Figures taken from https://www.kaggle.com/pmigdal/alien-vs-predator-images
Execute this cell to download the alien-vs-predator dataset and to install some dependencies. Google Colab will offer you to restart the kernel after you did this. Please do so.
!wget -q https://raw.githubusercontent.com/theevann/amld-pytorch-workshop/master/binder/requirements.txt -O requirements.txt
!pip install -qr requirements.txt
!mkdir -p data
!curl -Lo alien-vs-predator.zip "https://docs.google.com/uc?export=download&id=1hct3PjRf14ZBp83ob3f6Uo_0mqrT9FGZ"

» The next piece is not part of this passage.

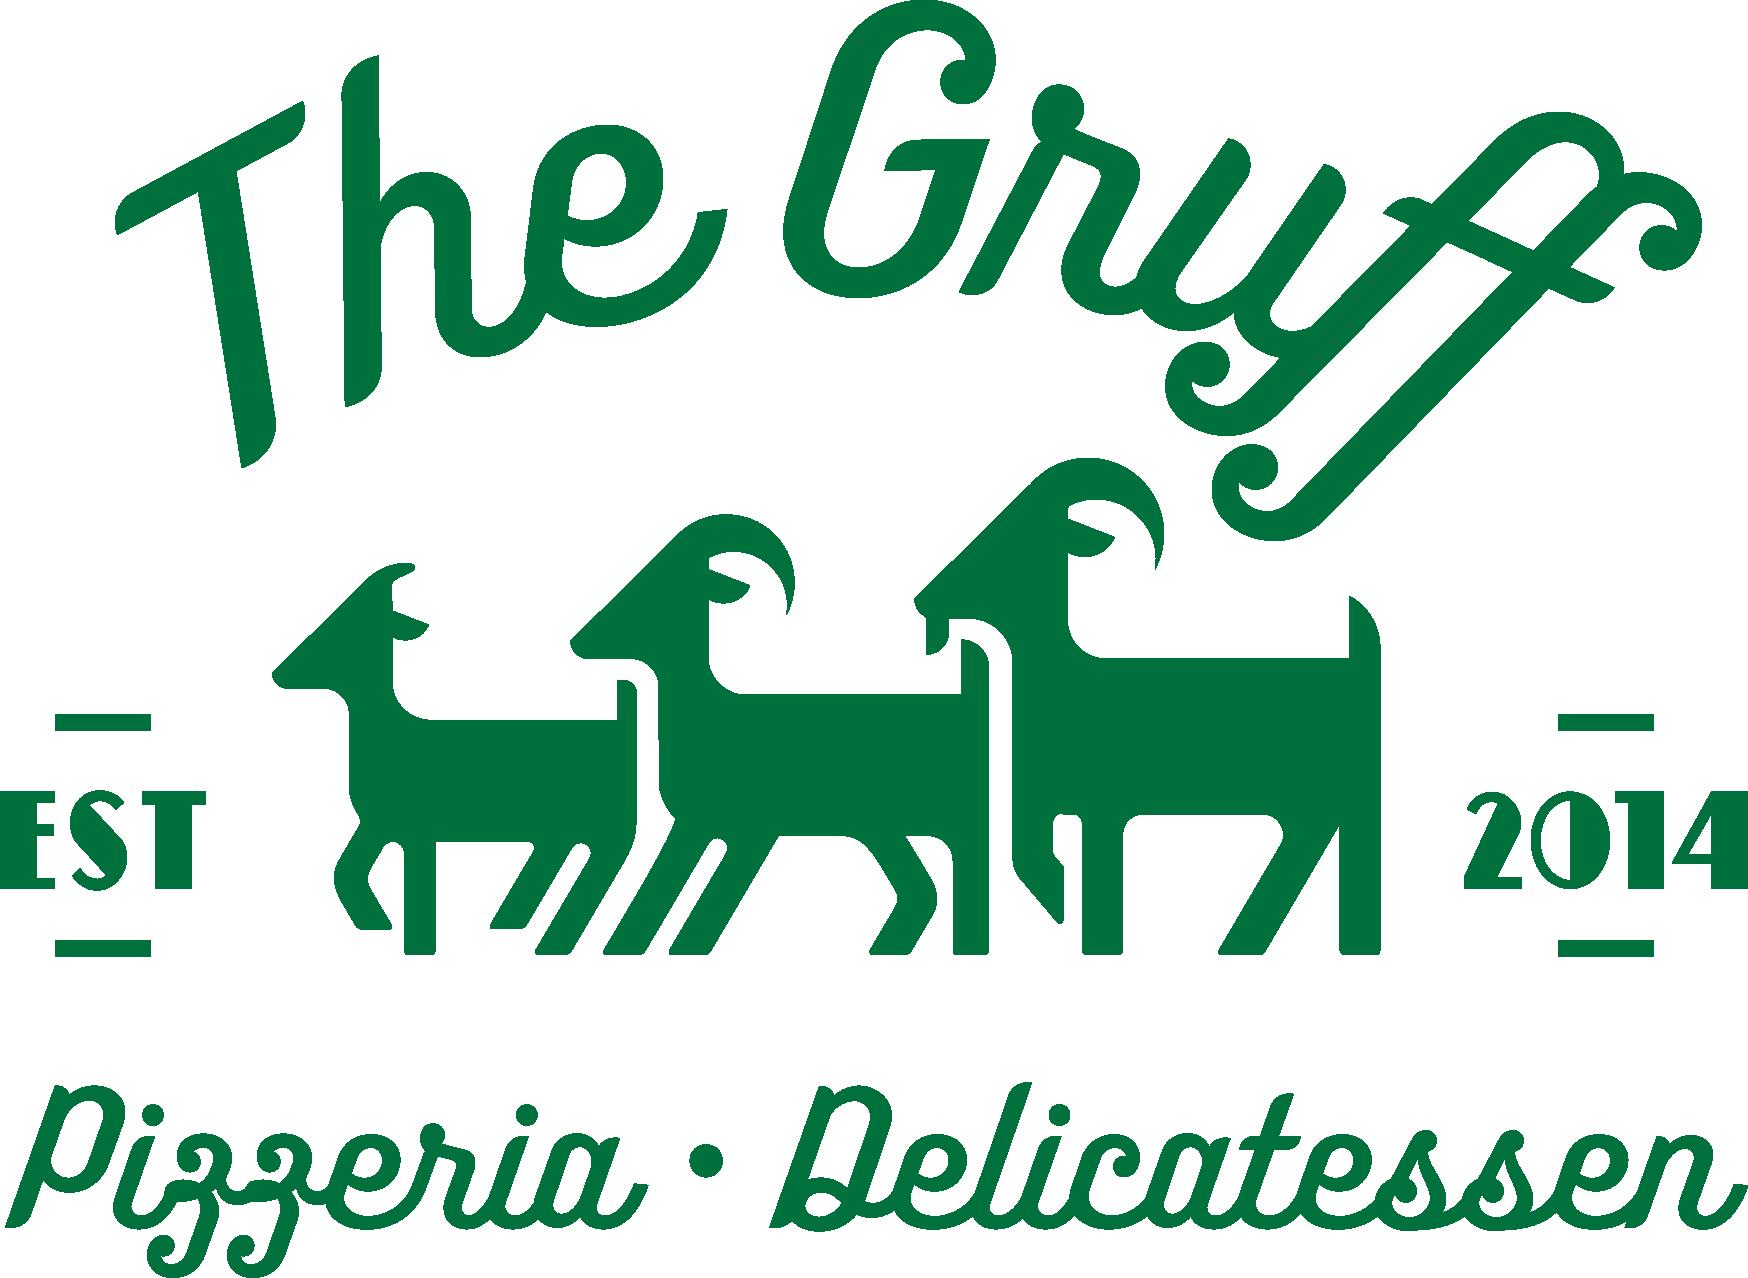 The Gruff_est 2014_Pizzeria_Delicatessen

!unzip -oq alien-vs-predator.zip -d data/
!rm alien-vs-predator.zip
!ls -l data/alien-vs-predator/
# for PIL.Image
!pip install --no-cache-dir -I Pillow==7.1.2
If all went well, you should be able to execute the following cell successfully.
import os
import torch
import torch.nn as nn
import torchvision
import numpy as np
import matplotlib
import matplotlib.pyplot as plt
matplotlib.rc('font', size=16)
Here we will create a Dataset
and corresponding DataLoader
that find training examples in the following directory structure:
data/alien-vs-predator
│
└───train
│ │
│ │───alien
│ │ │ 20.jpg
│ │ │ 104.jpg
│ │ └ ...
│ │
│ └───predator
│ │ 1.jpg
│ │ 78.jpg
│ └ ...
│
└───validation
│
│───alien
│ │ 233.jpg
│ │ 12.jpg
│ └ ...
│
└───predator
│ 22.jpg
│ 77.jpg
└ ...
torchvision
datasets allow us to specify many different transformation on the inputs. Random perturbations can improve the quality of your model by synthetically enlarging your dataset.
from torchvision.datasets import ImageFolder
from torchvision.transforms import (
Compose,
RandomResizedCrop,
RandomHorizontalFlip,
ToTensor,
Resize,
CenterCrop,
)
from torch.utils.data import DataLoader
# Create datasets
train_data = ImageFolder(
os.path.join(os.getcwd(), "data", "alien-vs-predator", "train"),
transform=Compose(
[RandomResizedCrop(224), RandomHorizontalFlip(), ToTensor()] # data augmentation
),
)
test_data = ImageFolder(
os.path.join(os.getcwd(), "data", "alien-vs-predator", "validation"),
transform=Compose([Resize(256), CenterCrop(224), ToTensor()]), # give images the same size as the train images
)
# Specify corresponding batched data loaders
train_loader = DataLoader(train_data, batch_size=32, shuffle=True)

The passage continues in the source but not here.